In her case, the judge extended the typical once or twice a year letterbox to three times a year, specifying that Hanna should also be allowed to send her children birthday and Christmas cards as well as receive photos from the adopters.

But making arrangements is one thing - maintaining them is something else altogether.

About a year after her children were gone, true to the "letterbox contact agreement", Hanna received the first of many letters. But rather than uplifting her, it pushed her into a "deeper depression".

"The letter was written as if it had been written by my children, saying 'Mummy and Daddy did this with us, we did that.' But my children were only two, it was clear they hadn't written it."

As time progressed, letters continued to arrive. But Hanna increasingly left them unread. "It was as if they were following a particular template - 'We went on holiday, we went horse-riding.' None of them told me anything I wanted to know, like how my children were developing or what their interests were," she says.

"In the end I'd take the photos out and not read the letters as it was too painful."

Hanna didn't write back, because her feeling of loss was too overwhelming. Then, four years after the adoption, when her life was getting back on track, she finally put pen to paper.

"I wrote and told them about my life: that I had a loving partner now, and that I was working. I told them about my job and where I lived, and how much I missed them, how hard losing them had been for me, and how I thought about them every single day and wished they were with me," Hanna says.

But some weeks later she received notification from her local authority that her letter had not been sent because some of its content was "inappropriate".

In the UK, the local authority's adoption agency acts as a middleman in the letterbox correspondence. This is partly so that names and addresses are not disclosed - but council officials also check what people write.

"Social Services told me I shouldn't say where I worked, that I shouldn't say, 'Wish you were with me.' Everything had to be positive. I phoned for help but they just kept sending me leaflets on how to write a letter that made no sense. So I gave up."

After a while, letters stopped arriving from the children too.

Helping birth mothers write these letters was Mike Hancock's job for 10 years. He works for the PAC Family First Service, which local authorities may contract to help them fulfil their statutory duty to support the birth parents of adopted children.

"We have to think about who's receiving the letter, whether the local authority will send it on, and whether the adopters will show the children," he says.

"You're not encouraged to be emotional in these letters. If the birth parent is very upset and misses the child they can't put it in, as it will upset the kids."

The first letter is the hardest, he says.

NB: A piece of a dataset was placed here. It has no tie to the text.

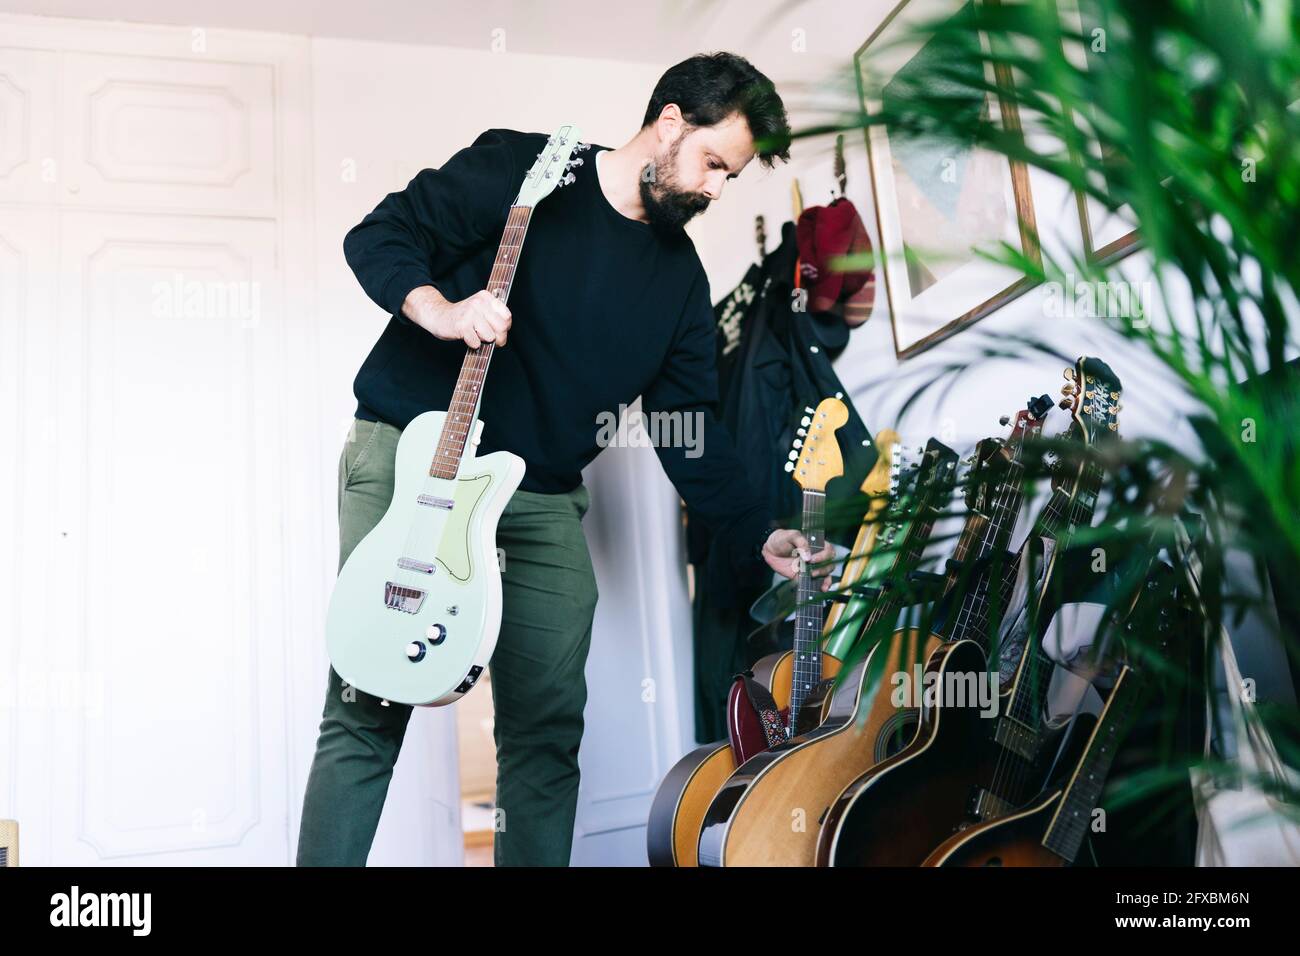 Man selecting guitars in studio Stock Photo
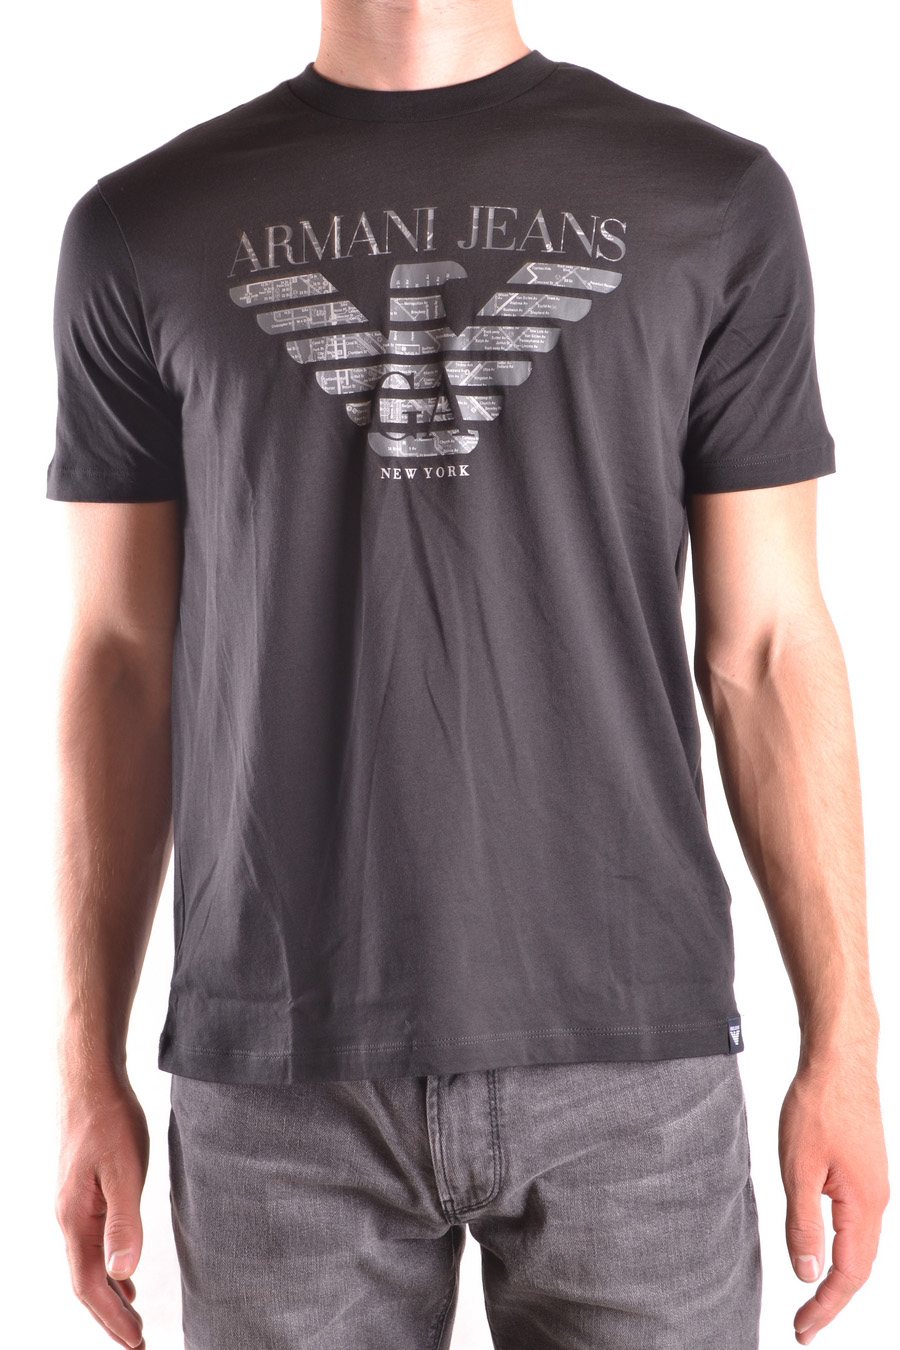 ARMANI JEANS T-shirts | ViganoBoutique.com

"Sometimes the parents are so cross, hurt and distressed that they don't want to write. Many of the mothers are like rabbits in the headlights. They're traumatised by their own experiences and the adoption. They've lost their kids and are grieving. Often they'll have problems with literacy."

Birth parents and adoptive families both have the right to ask for support with letter-writing, but the quality and provision is patchy, says Anna Gupta, professor of social work at Royal Holloway University. Some local authorities will have designated letterbox co-ordinators who support and facilitate contact, others will contract the service out, while others may have nothing at all.

Had Hanna had Mike Hancock's support all those years ago, things might have turned out differently. She may have succeeded in sending a letter to her children, and may have continued receiving them in reply.

Every year Hanna and her husband would celebrate her children's birthday and sing happy birthday, not knowing whether they would ever know any more about them.

"For years I worried about them and I'd have nightmares that they had been killed… I didn't know, would I be told?"

When Hanna found out her own death was imminent, her question was whether her children would be told.

She informed her local authority that she had stage four kidney failure, had been given six months to live, and wanted to get in touch with her twins. But nothing happened.

Two months later, Hanna received a bundle of 12 old letters from the adopters that the local authority had "lost" - and that was it, she says.

Then, over a year later, she was contacted by PAC for a different reason, and told them her story. The PAC worker set about co-ordinating with Social Services, who traced Hanna's children's adopters and informed them of her pressing health condition.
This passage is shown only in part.